You should initialize the cluster from only one node, unless you will end up with multiple different clusters.
- If all nodes starts in parallel, they’ll fall into a race condition. To prevent these cases, peer discovery tries to acquire a lock when either forming a cluster or joining one. Consul uses a lock in Consul and etcd for etcd.

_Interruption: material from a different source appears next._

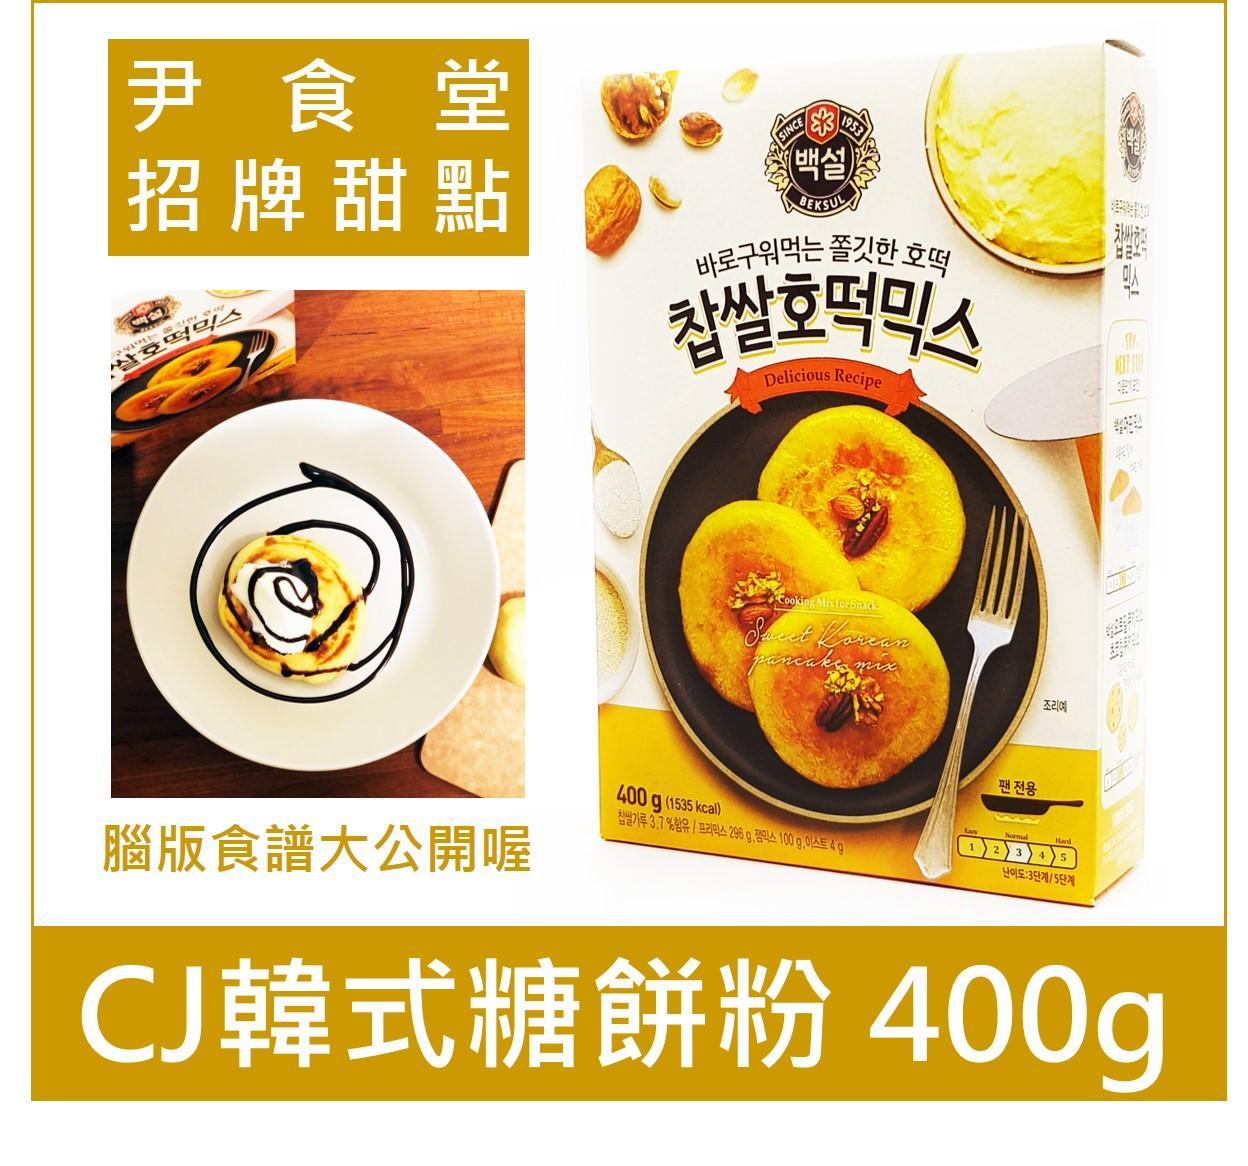 《Chara 微百貨》韓國CJ 糖 煎餅 預拌 粉 糖煎餅粉 煎餅粉 尹食堂 韓劇 DIY 糖心 糖餅 粉  400g 0

Classic config file, k8s and AWS use a built-in locking-library provided by the runtime.
If there’s a registration in the backend, then unregister upon stop
If there’s a pre-joined cluster, then the node retries to contact the cluster for a period of time and no peer discovery will be performed. By default, it retires for 10 times and 30 seconds per attempt.
If the node fails to connect the previous cluster, it’ll behave like a blank node but the cluster members would still think the nodes is in the cluster, which finally makes the cluster joining fail. You need to remove these nodes by rabbitmqctl forget_cluster_node on existing members.
Once a node is explicitly removed from the cluster and reset, the node will join the cluster as if it’s a new member.
If you change the node name or host name then it’ll make the node be considered as a new member as well if its data directory path might be changed as a result.
Backend of the RabbitMQ means the peer discovery
Before the whole nodes in the cluster have joined, each nodes will accept client connections. Which means, the cluster is considered fully available by the clients. In this case, certain features may not be available to use, for instance, quorum queues and features behind feature flags until the cluster reaches their required numbers of nodes.
When handling the cluster, you need to consider the following scenario, where you should consider resetting A or B.
1. A cluster of 3 nodes, A, B and C is formed.
2. A is shutdown.
3. B is reset.
4. A is started.
5. A tries to rejoin B but B’s cluster identity has changed.
6. B doesn’t recognize A.
7. A is rejected with the following message.
  
  Node 'rabbit@nodeA.local' thinks it's clustered with node 'rabbit@nodeB.local', but 'rabbit@nodeB.local' disagrees

Config File

(2024.1.25) I’ll skip this for now.

Pre-configured DNS A/AAAA records

This mechanism uses pre-configured hostname(a.k.a seed hostname) with DNS A(or AAAA) records. You can specify from the config file, like cluster_formation.dns.hostname = discovery.eng.example.local
1. Query DNS A records of the seed hostname : let’s say it’s discovery.eng.example.local and DNS A records return 192.168.100.1 and 192.168.100.2
2. For each returned DNS record’s IP addresses, perform a reverse DNS lookup : this will return their hostnames.
3. Append current node’s prefix to each hostname and return the result : the node’s name is not set, then the default name is rabbit@(hostname), so this will discover two nodes, rabbit@(node1’s hostname) and rabbit@(node2’s hostname)

Via Plugins

AWS
Kubernetes
Consul
etcd

You don’t need to install these plugins but enable them. Follow this cli.

rabbitmq-plugins --offline enable <plugin name>

rabbitmq-plugins --offline enable rabbitmq_peer_discovery_k8s

(2024.1.25) But I’ll skip this for now.

Network Partition

I need to check this information. It seems quite complicated.